Fogo selvagem: It involves in characterization in the flaccid bullae and absence of mucous lesions. Antibodies released or produced against the desmosomes can be detected in the skin epidermis and in serum of the patient.

Paraneoplastic pemphigus: An autoimmune, multiorgan syndrome, associated with the neoplastic disease involved to be patient suffering from severe and critical mucosal involvement characterized by extensive, stubborn inflammation of the mucous linings.

Pathogenesis of pemphigus vulgaris

According to certain in vitro studies pemphigus vulgaris has been caused by pathogenic IgG autoantibodies which lead to acantholysis and bullae formation. The autoantibodies are directed towards calcium dependent intracellular adhesion proteins which are desmogleins (DSG3 and DSG1) which were responsible for anchoring keratin intermediate filaments to the cell membrane of epidermal cells. The DSG1 can be found in superficial layers of epidermis, whereas DSG3 can be predominantly found in non-keratinized epithelia of mucosal surfaces. Along with these DSG3 and DSG1 there are non-DSG autoantibodies includes the anti-E-cadherin antibodies and Keratinocyte acetylcholine receptors which were responsible intracellular signalling which causes shrinkage of cells and causes cell apoptosis.

Autoimmune mechanisms of pemphigus vulgaris: The actual mechanism of pemphigus vulgaris blister formation is not clear so various mechanisms have been proposed to explain the pathogenesis of the disease.
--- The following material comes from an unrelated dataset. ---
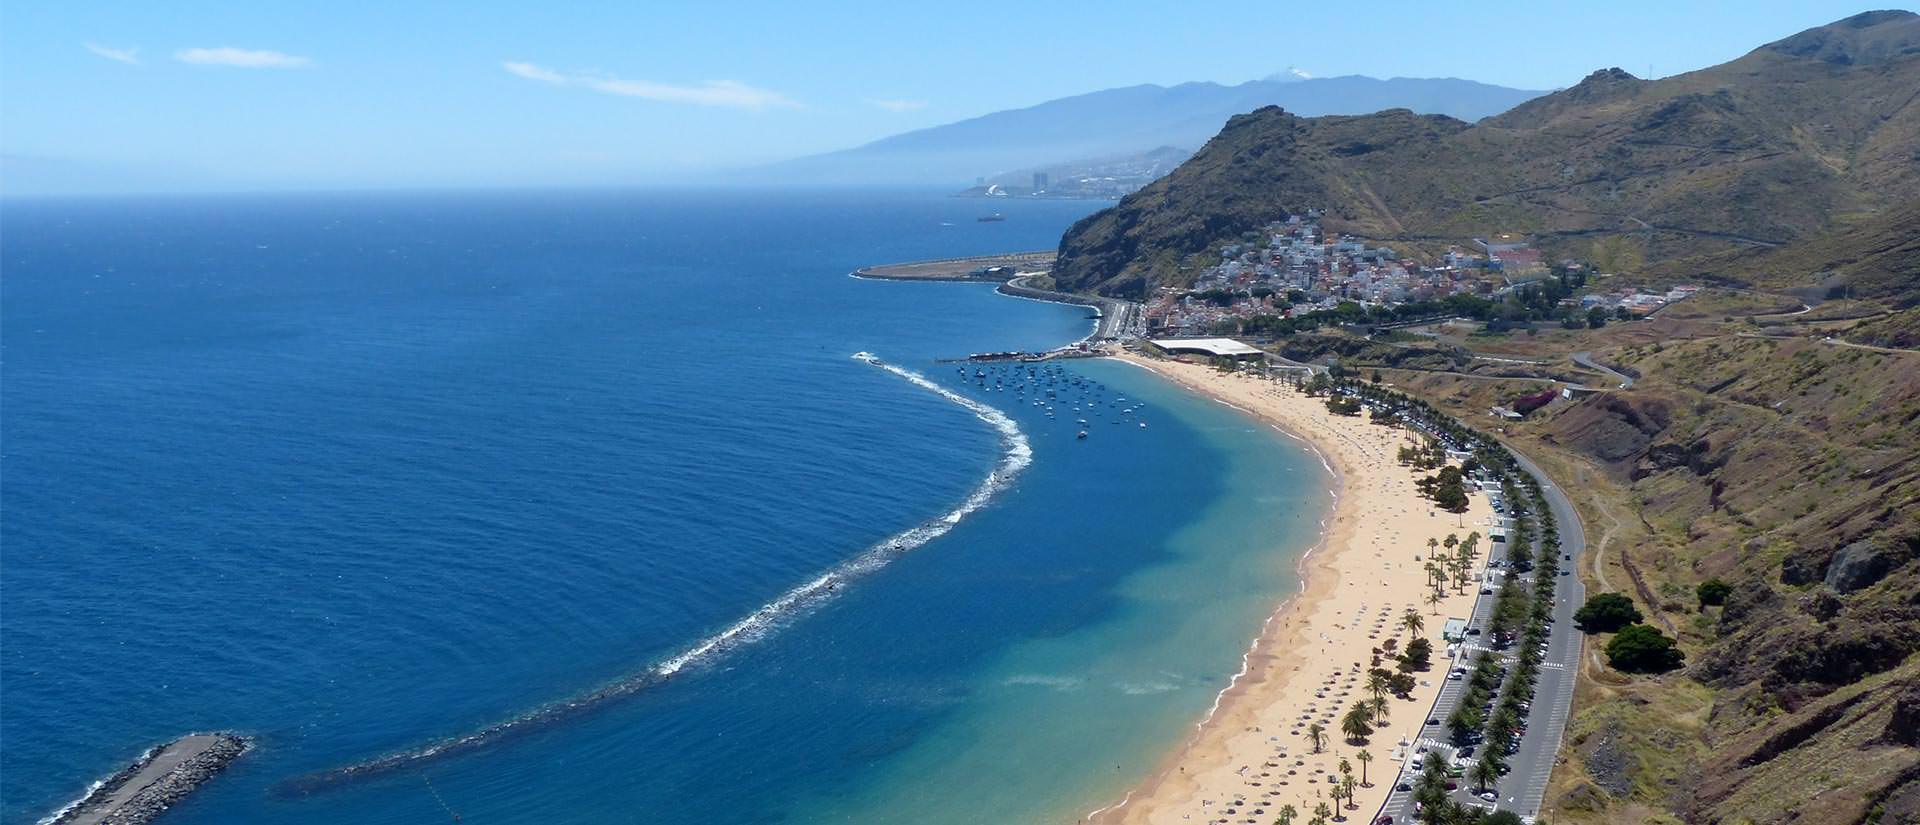 טיול לאיים הקנריים - 10 ימים - גן עדן באוקיינוס האטלנטי בקרנבל

Steric hindrance of cell adhesion caused by autoantibodies: It states the autoantibodies binds to extracellular DSGs causes loss of intracellular adhesion and leads to pemphigus acantholysis. This mechanism has been considered to be insufficient as it could not explain the signalling that trigger keratinocyte loss.

Desmoglein compensation: This theory is explained by distribution of DSG in skin and mucosa. According to this theory the DSG3 and DSG1 gets distributed solely or both. When the autoantibodies attack these desmoglein, if both DSG3 and DSG1 are present one loss would be compensated by the other. If only one desmoglein is present it leads to pemphigus vulgaris. This mechanism has a limitation of occurrence of pemphigus vulgaris is related to suprabasal layer but as the autoantibodies are against DSG1 and DSG3, the pemphigus vulgaris should occur in entire epidermis. There are many instances, where no anti DSG antibodies and DSG1 titre are detected on patients with pemphigus vulgaris. There are certain other cadherins which could express keratinocytes that can compensate DSG1 and DSG3.

Conclusion

Pemphigus vulgaris a rare autoimmune disorder that can leads to development of blisters over the skin and also in lining of the mouth, nose, throat, genitals. The blisters are painful and the sores in the mouth are non-itchy but painful. The ruptured blisters form as lesions. It affects less number of human beings and there is no appropriate etiology for the cause of pemphigus vulgaris but it leads to effect entire quality of life of the patient where the patient doesn’t know the actual reason for the attack. The empirical treatment includes many drugs among them cyclophosphamide and mycophenolate mofetil are most widely used which prevents the blister formation and promotes healing of lesions.